Nope 100% rev limiter like my RS4 used to have. I asked as sometimes it seems like my power is cut gently is that to do with R and no R mode?


----------



## Oski (Mar 8, 2014)

gtr mart said:


> It's a hard rev limiter. As above, much harsher than the traction control cutting in.
> 
> Why don't you just hit it in say 2nd and see for yourself. You will need the transmission in R mode. Providing you don't make a habit of it, it won't do the car harm.
> 
> I think it important to experience these sorts of things for the first time at a time of your choosing where it is safe to do so.

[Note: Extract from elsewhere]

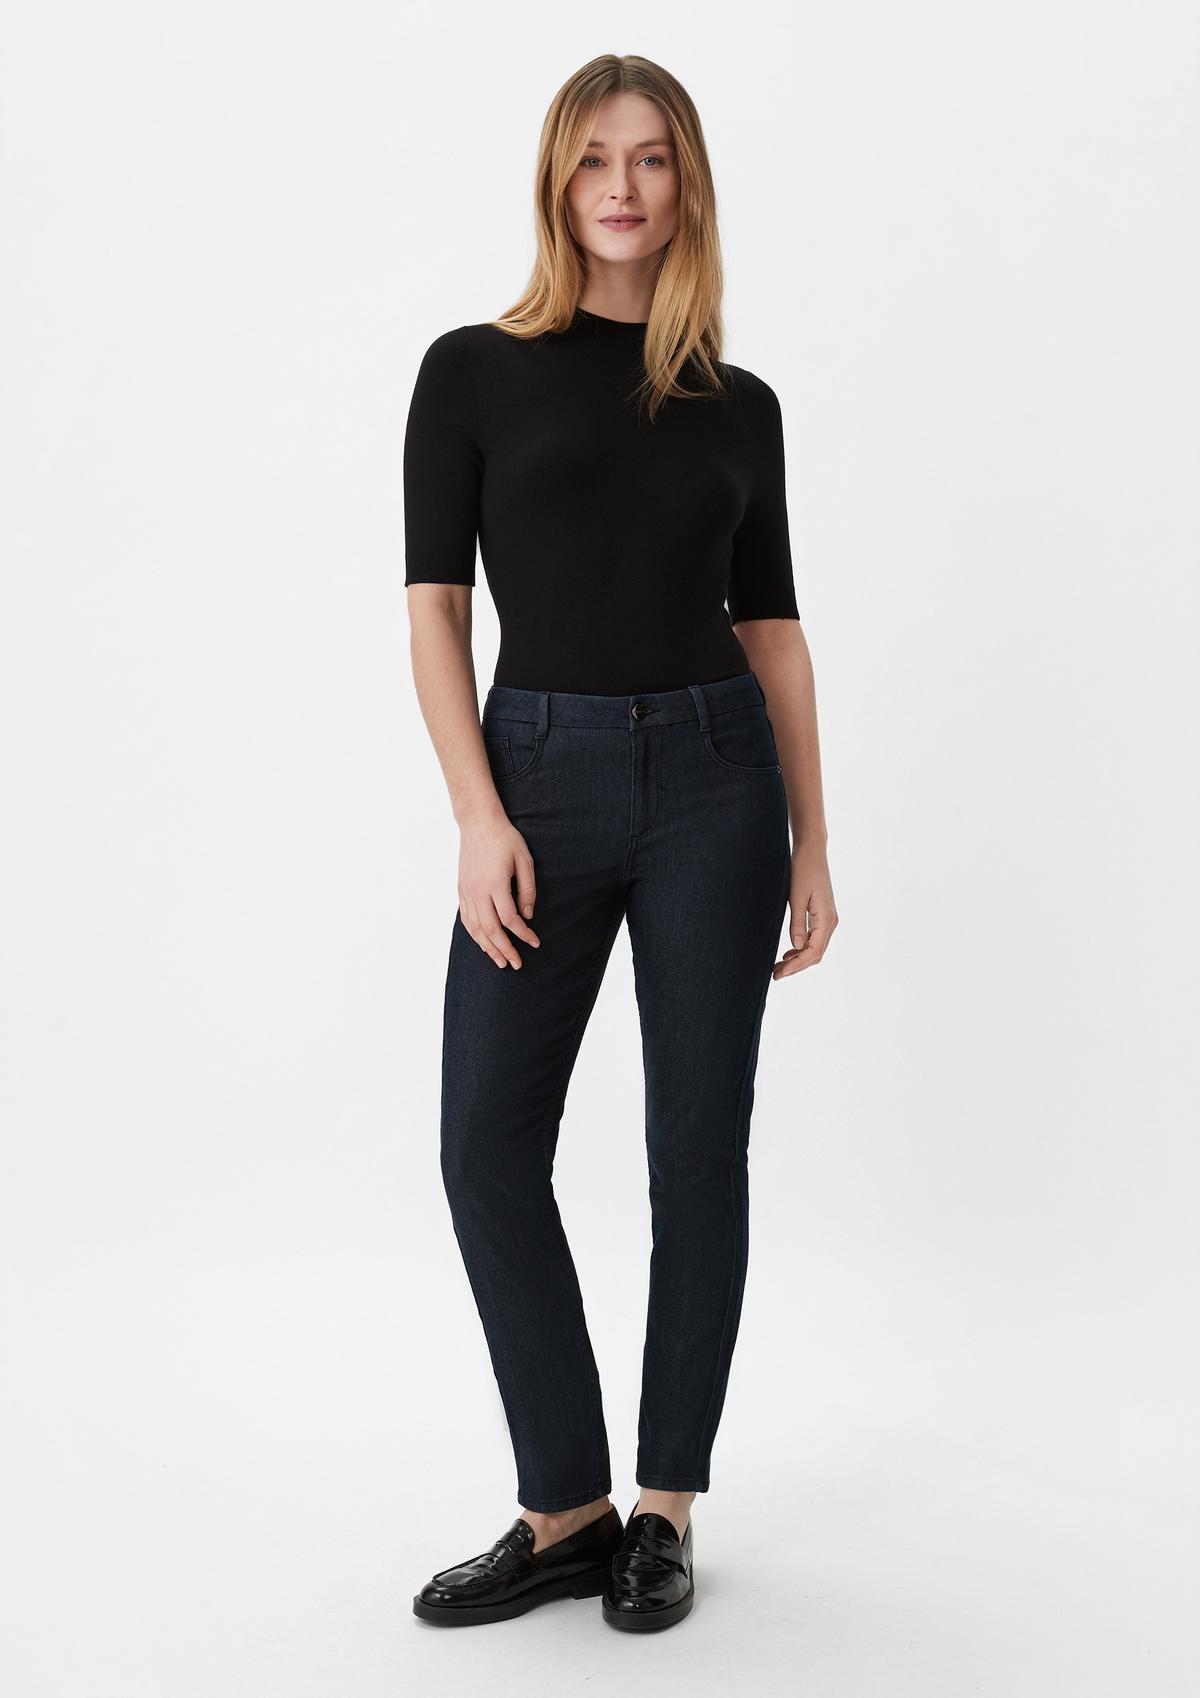 Jeans-Styles für Damen | Comma

I will try it. It made quite a loud backfire/pop take it because of my downpipes?


----------



## gtr mart (Mar 29, 2004)

not being in transmission R mode means it changes gear and won't let you sit on the limiter. Were you in 6th? That would be considered a soft cut :chuckle:


----------



## Oski (Mar 8, 2014)

gtr mart said:


> not being in transmission R mode means it changes gear and won't let you sit on the limiter. Were you in 6th? That would be considered a soft cut :chuckle:


Ah ok . Can the shift lights be adjusted?


----------



## gtr mart (Mar 29, 2004)

Yes they can. Can't remember how though. Likely through the MFD in the settings section. A search might reveal the answer


----------



## Oski (Mar 8, 2014)

gtr mart said:


> Yes they can. Can't remember how though. Likely through the MFD in the settings section. A search might reveal the answer


Thanks i think mine are low, do these have any effect on the gear change in non r?


----------



## gtr mart (Mar 29, 2004)

IN auto, I wouldn't know. They certainly won't affect when in manual, unless of course you are easily influenced...


----------



## thistle (Oct 27, 2007)

There are three rev limiters in auto mode and you can need all three to contain the engine speed even with VDC on.

1. Auto upshift
2. Throttle closure
3. Hard rev limiter, think it is ignition and fuel

With tyre slip, 1 and 2 aren't fast enough and you slam into 3.


----------



## Clogger (Sep 15, 2014)

If I remember correctly you the shift light on the dash computer, not the audio display. Just go in to the settings on the dash computer.


----------